• Kino
  • Mapa
  • Ogłoszenia
  • Forum
  • Komunikacja
  • Raport

Trójmiasto kiedyś i dziś. Porównanie kilku miejsc

Rafał Borowski
6 grudnia 2020 (artykuł sprzed 3 lat) 
Przesuń aby
porównać

Utrwalona na nich architektura nie uległa większym zmianom, ale poziom życia mieszkańców wręcz przeciwnie. W artykule zaprezentujemy, jak z perspektywy kilkudziesięciu lat zmieniło się dziewięć wybranych miejsc z Gdańska, Sopotu i Gdyni. Ich historyczne fotografie, w większości pochodzące z okresu PRL-u, zestawiliśmy z wykonanymi współcześnie.



Masz własne, archiwalne zdjęcia okolicy, w której mieszkasz?

Z perspektywy wielu lat nawet pozornie błahe zdjęcia potrafią nabrać niezwykłej wartości. W artykule przedstawimy wybrane kadry Gdyni, Sopotu i Gdańska, utrwalone od końca lat 60. do początku 90. i zestawione z ich współczesnymi odpowiednikami. Wszystkie historyczne zdjęcia pochodzą ze zbiorów agencji Kosycarz Foto Press.

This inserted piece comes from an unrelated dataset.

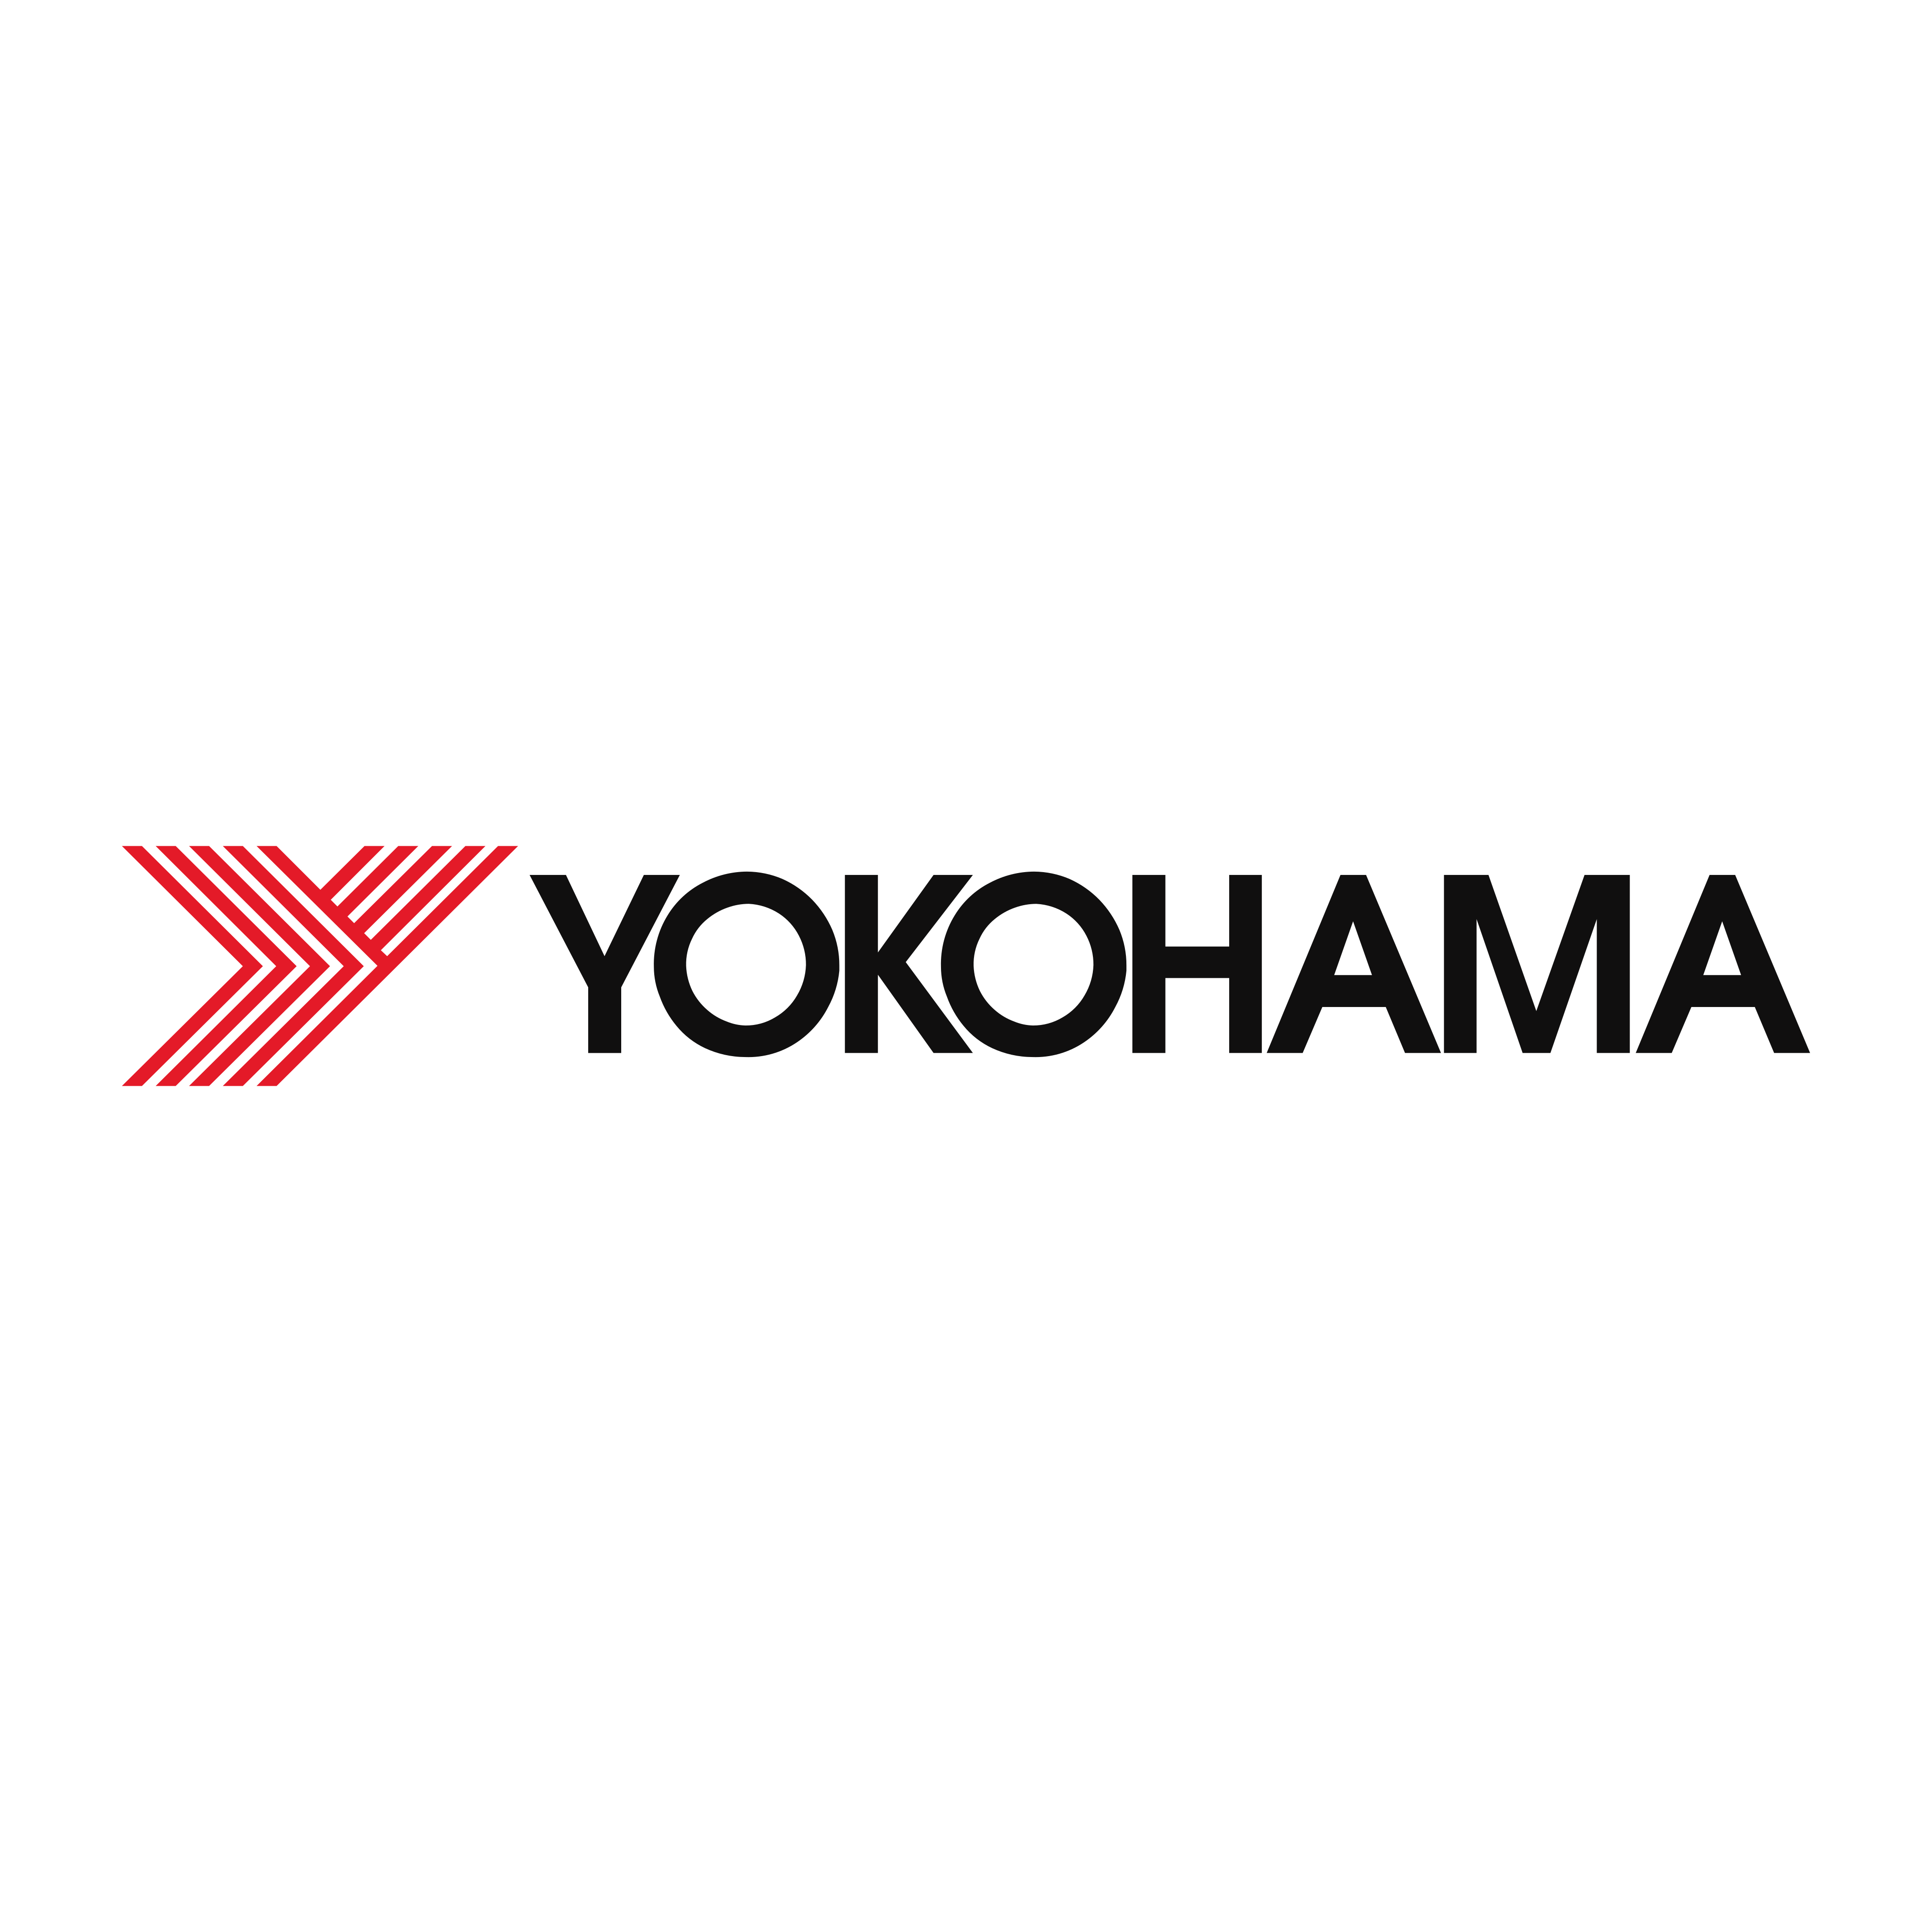 Yokohama Logo Png - KibrisPDR

Nie ma co ukrywać, że próżno spodziewać się zaskoczeń, które towarzyszą podziwianiu przedwojennych zdjęć. Widoczna w naszych zestawieniach architektura - z nielicznymi wyjątkami - nie uległa znaczącym zmianom. Nie oznacza to jednak, że nie będą one interesujące dla czytelników.

Bo choć wygląd budynków zmienił się w niewielkim stopniu, ogromnym przeobrażeniom uległo ich otoczenie, np. liczba i marki samochodów na ulicach czy sposób prezentowania reklam w przestrzeni publicznej. Dla starszych czytelników będzie to podróż do czasów młodości, dla młodszych okazja do poznania, w jakich realiach żyli ich rodzice czy dziadkowe. Po obejrzeniu naszej galerii zapraszamy do podzielenia się swoimi wspomnieniami lub refleksjami w komentarzach pod artykułem. Co waszym zdaniem zmieniło się na lepsze, a co na gorsze?

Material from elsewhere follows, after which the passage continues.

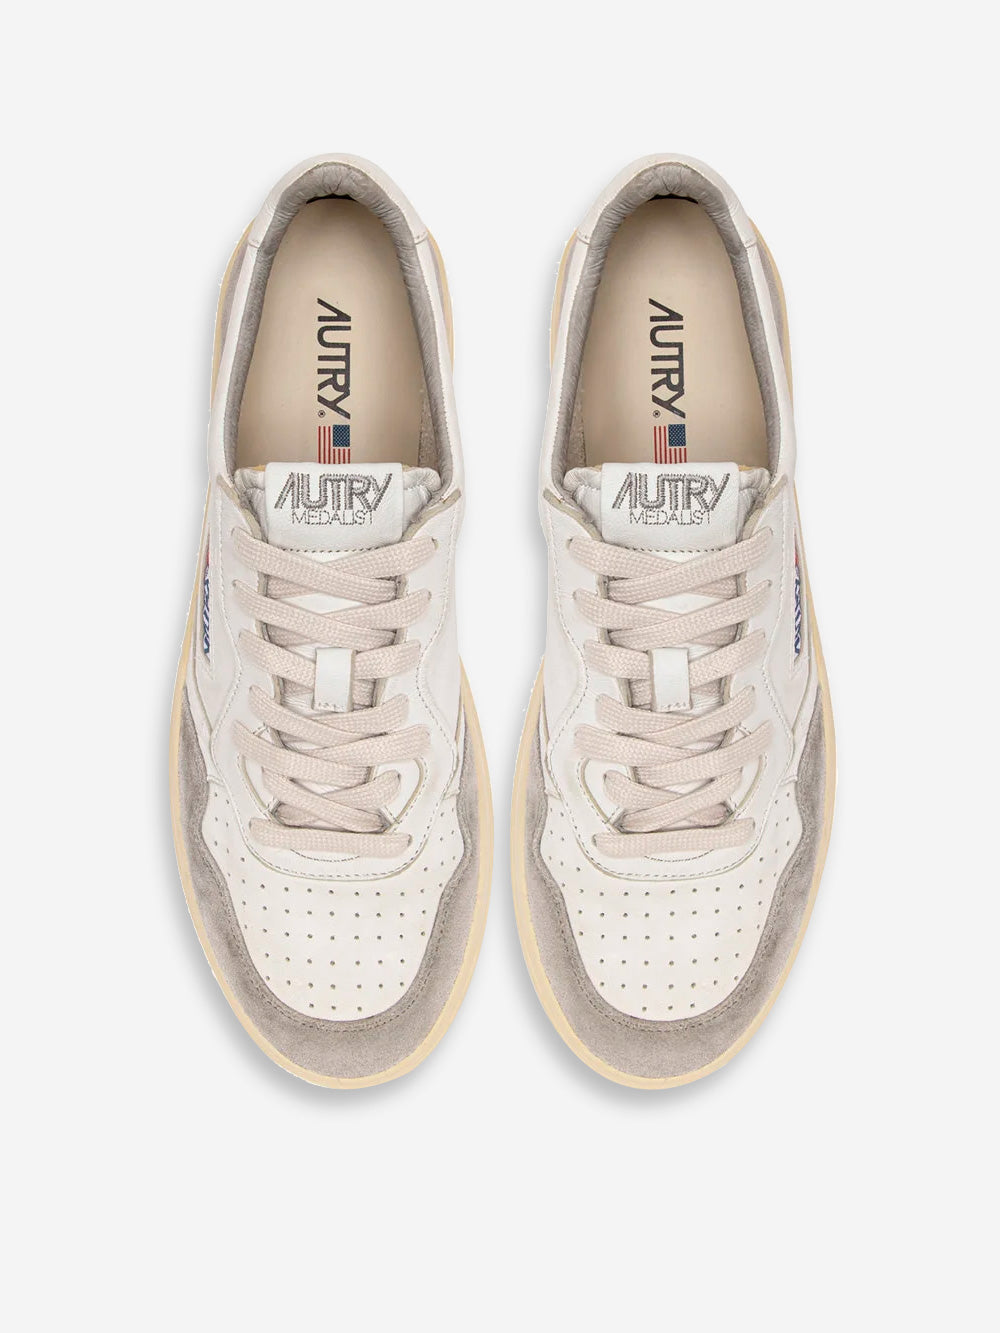 AUTRY M Medalist Low Sneakers Bianco grigio Urbanstaroma

Gdynia, skrzyżowanie ulic Władysława IV oraz Żwirki i WiguryMapka



Przesuń aby
porównać
Na zdjęciu po lewej utrwalono skrzyżowanie ulic Władysława IV oraz Żwirki i Wigury w Gdyni w maju 1987 r. W oczy rzuca się znacznie większa współcześnie ilość zieleni oraz przeobrażenia, którym uległa branża reklamowa. Zniknął widoczny po prawej słup ogłoszeniowy - podobnie jak niemal wszystkie tego rodzaju obiekty w Trójmieście - a zamiast niego wyrasta nieopodal stojak na billboardy.

Quiz Trójmiasto kiedyś i dziś Średni wynik 56%

Trójmiasto kiedyś i dziś

Rozpocznij quiz


Gdynia, ul. 10 lutegoMapka



Przesuń aby
porównać
Na zdjęciu po lewej utrwalono ul. 10 lutego w Gdyni w czerwcu 1975 r. To pamiątka z wizyty prezydenta Francji, którym był wówczas Valéry Giscard d'Estaing. Oprócz niego w otwartej limuzynie znajdują się także premier Piotr Jaroszewicz oraz I sekretarz komitetu wojewódzkiego PZPR Tadeusz Fiszbach.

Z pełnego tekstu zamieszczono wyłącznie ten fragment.